One of the advantages of arbitration is the certainty that comes with it. While arbitration awards can be challenged in court, it is extremely difficult to overturn an award. In fact, courts will vacate, or refuse to confirm an arbitration award only if there was a serious conflict of interest or corruption on the part of a neutral arbitrator, or the arbitrators exceeded their powers. This latter ground, the arbitrators exceeding their authority, is most frequently used as a basis for setting aside an arbitral award.
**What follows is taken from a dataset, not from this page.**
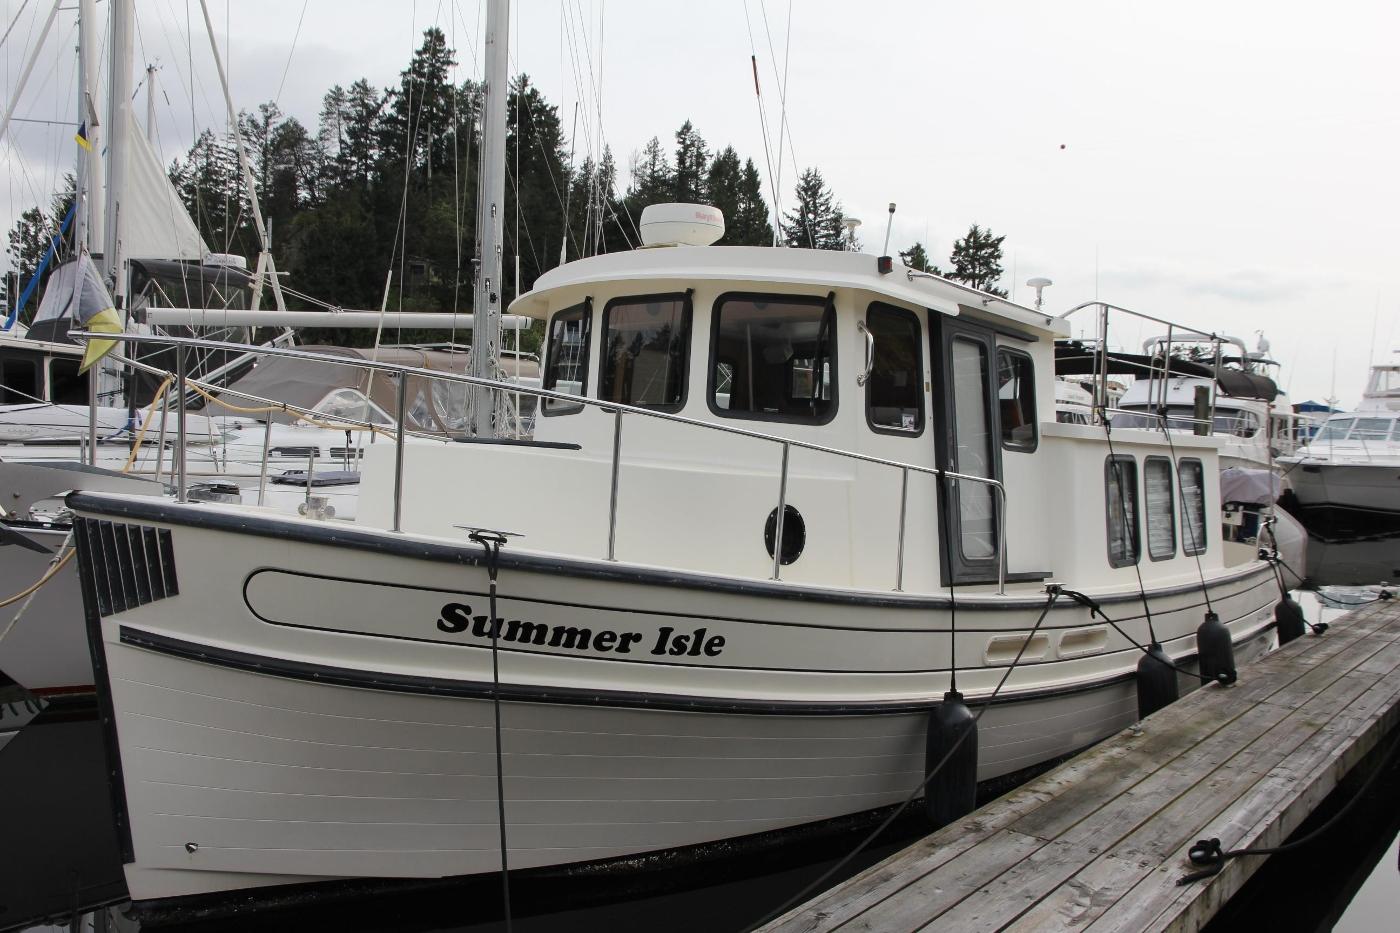 2001 Nordic Tugs 32 Pilothouse, Portside Profile

A recent decision by the Swedish Court of Appeals setting aside a US $173 million arbitration award provides some guidance on how this standard may be applied.
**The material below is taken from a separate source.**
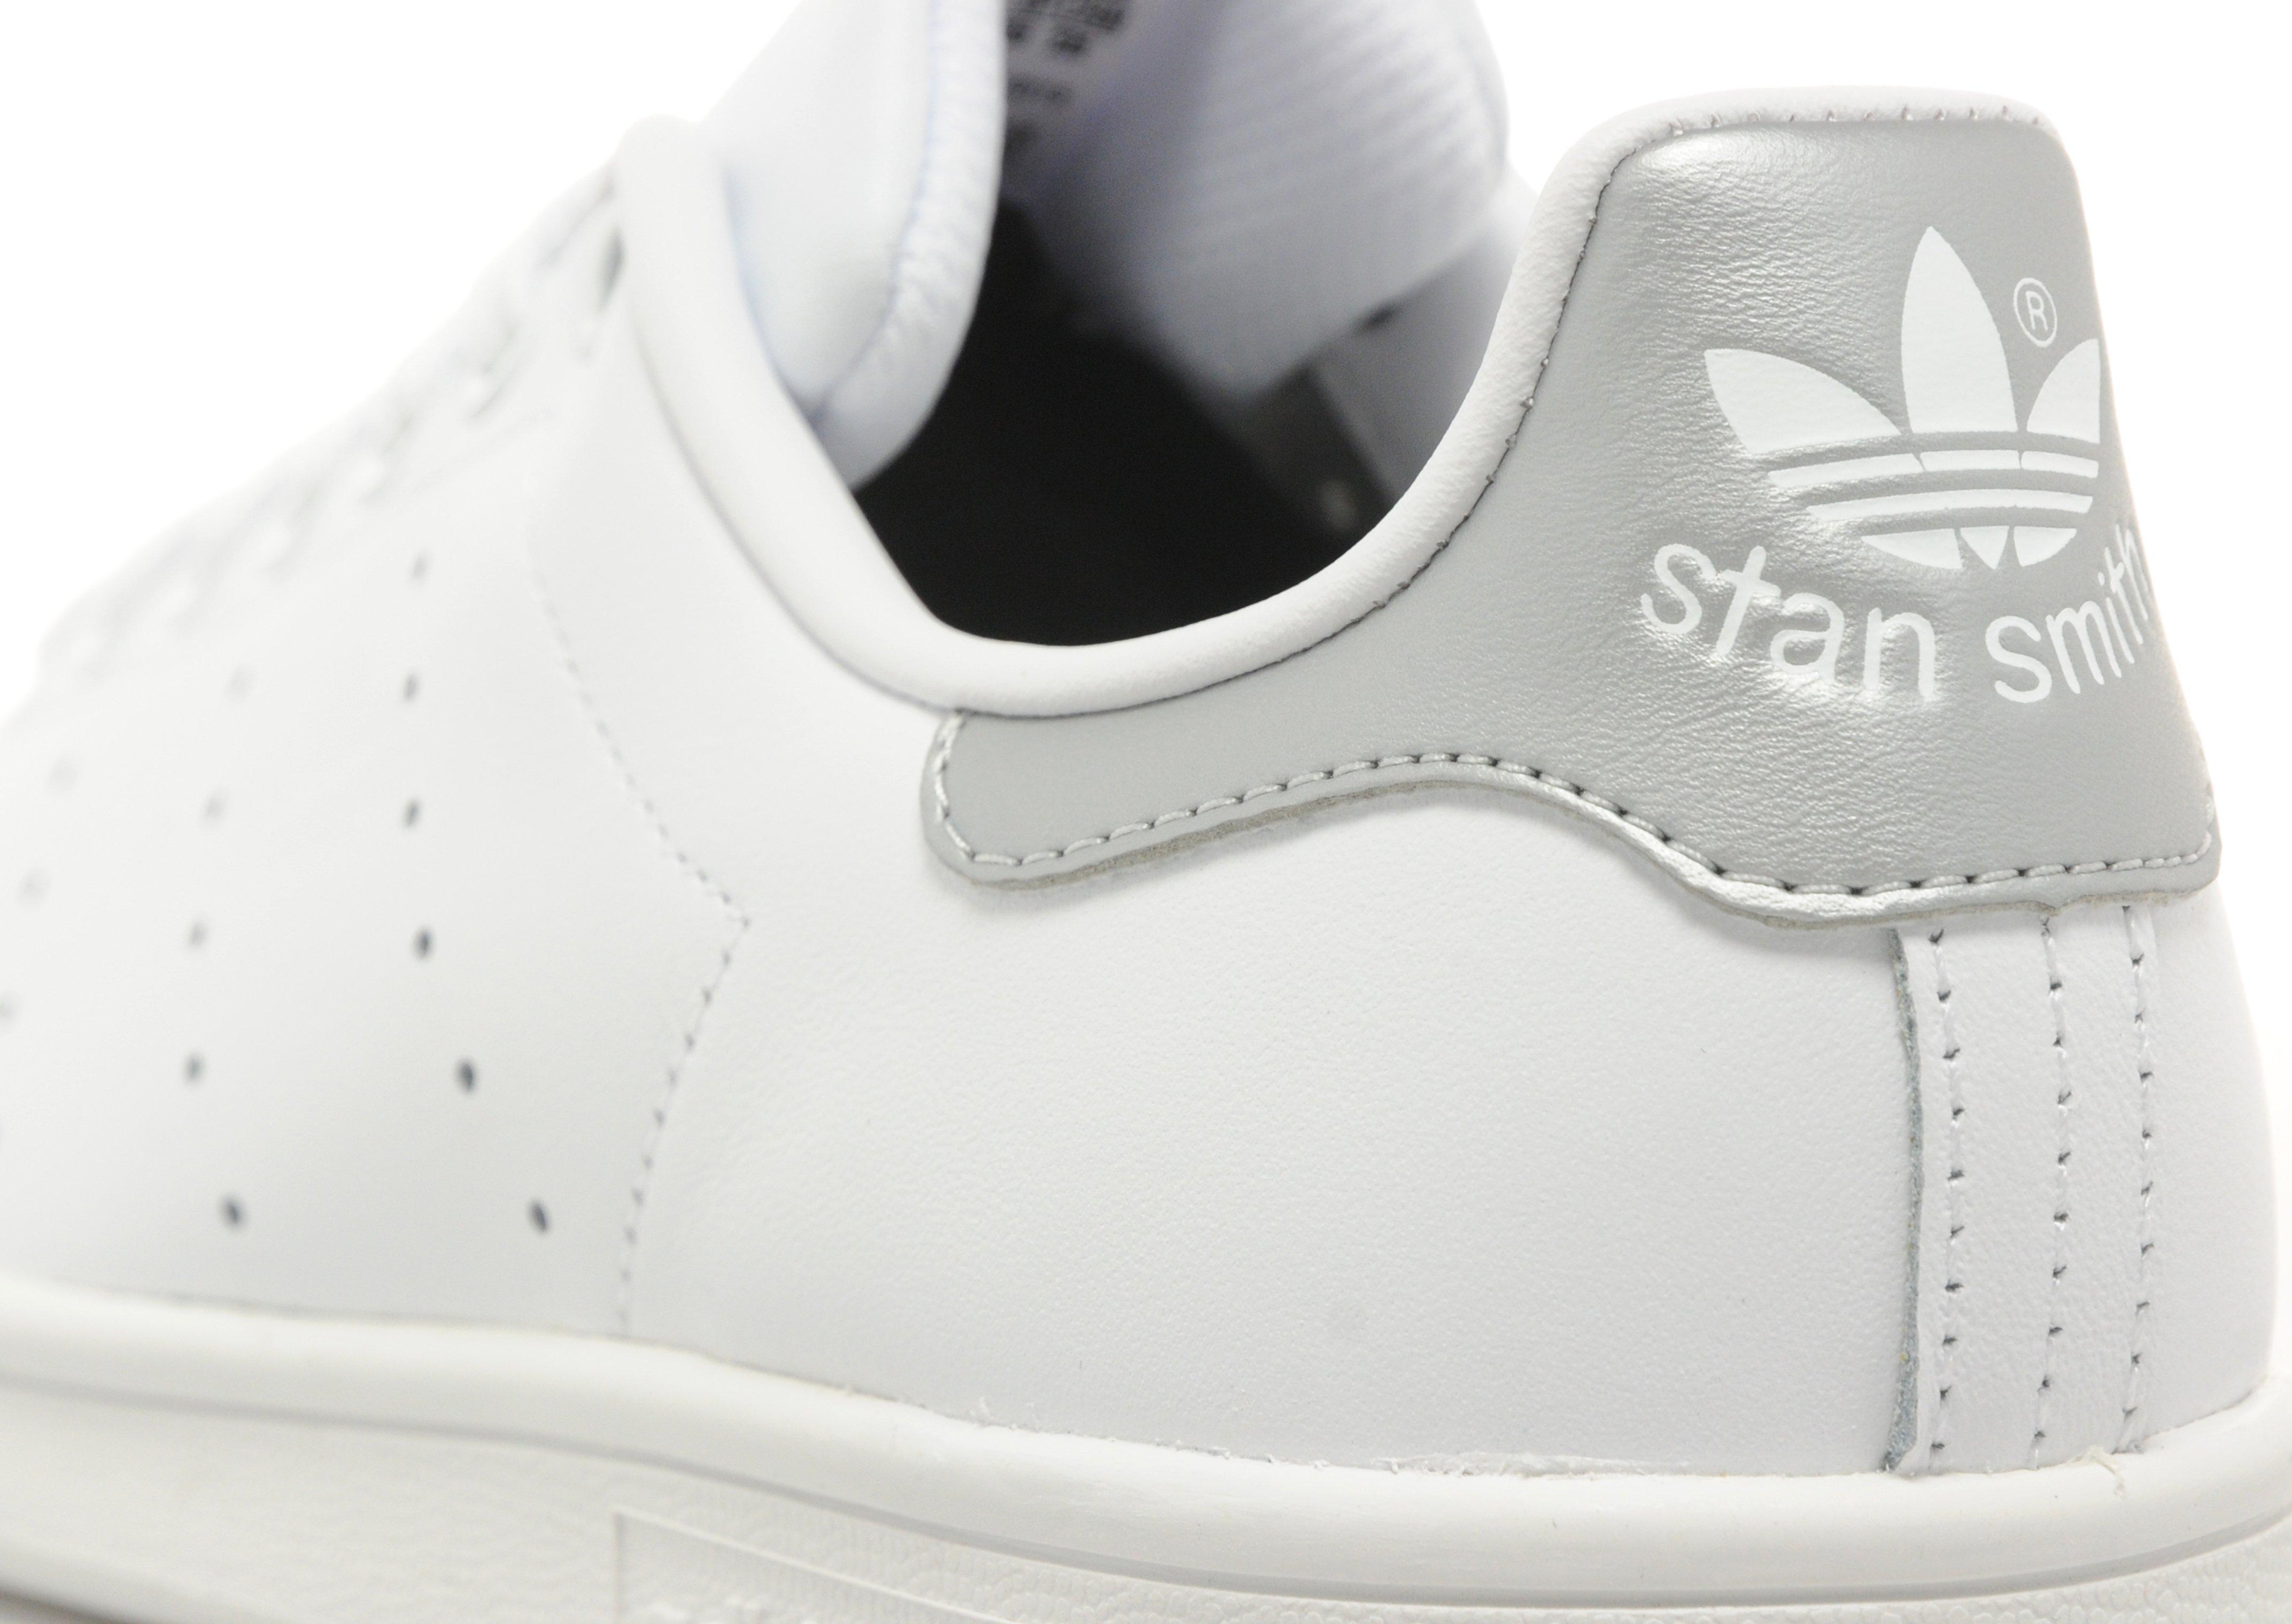 buy stan adidas Navitas Software

The underlying dispute resulted from a failed 1992 joint venture between a Russian company, Tyumenneftegaz ("TNGZ"), and the American company First National Petroleum ("FNP"). Rather than obtain a license to develop certain oil and gas deposits in the name and for the benefit of the joint venture company, TNGZ obtained a license in 1993 in the name and for the benefit of itself. In December 2011, FNP filed a claim with the Arbitration Institute of the Stockholm Chamber of Commerce (the "SCC") for damages caused by the partnership breach. The arbitration hearing was conducted in the summer of 2013 and the award in favor of FNP was based on estimates of TNGZ's revenues from oil sales in the local market.
TNGZ challenged the arbitration and the Swedish Court of Appeals set the award aside on the grounds that arbitration tribunal exceeded its authority. The award was based on an oral statement that the Russian company had distorted the size of its estimated oil reserves. Although FNP had never officially claimed this breach, the arbitral panel nevertheless based its decision upon it. Each party was required to provide a legal foundation to support its position in the arbitration. Because FNP never specifically referred to the oral distortion to support its legal position, the Swedish Court of Appeals held that the tribunal should not have based its conclusions on it (it is not clear from available sources how the tribunal learned about the alleged distortion if FNP had not claimed it).
The decision is significant because of the size of the award involved and also because it is one of the few examples of an arbitration award being set aside by a court and therefore provides guidance on what constitutes exceeding an arbitrator's authority.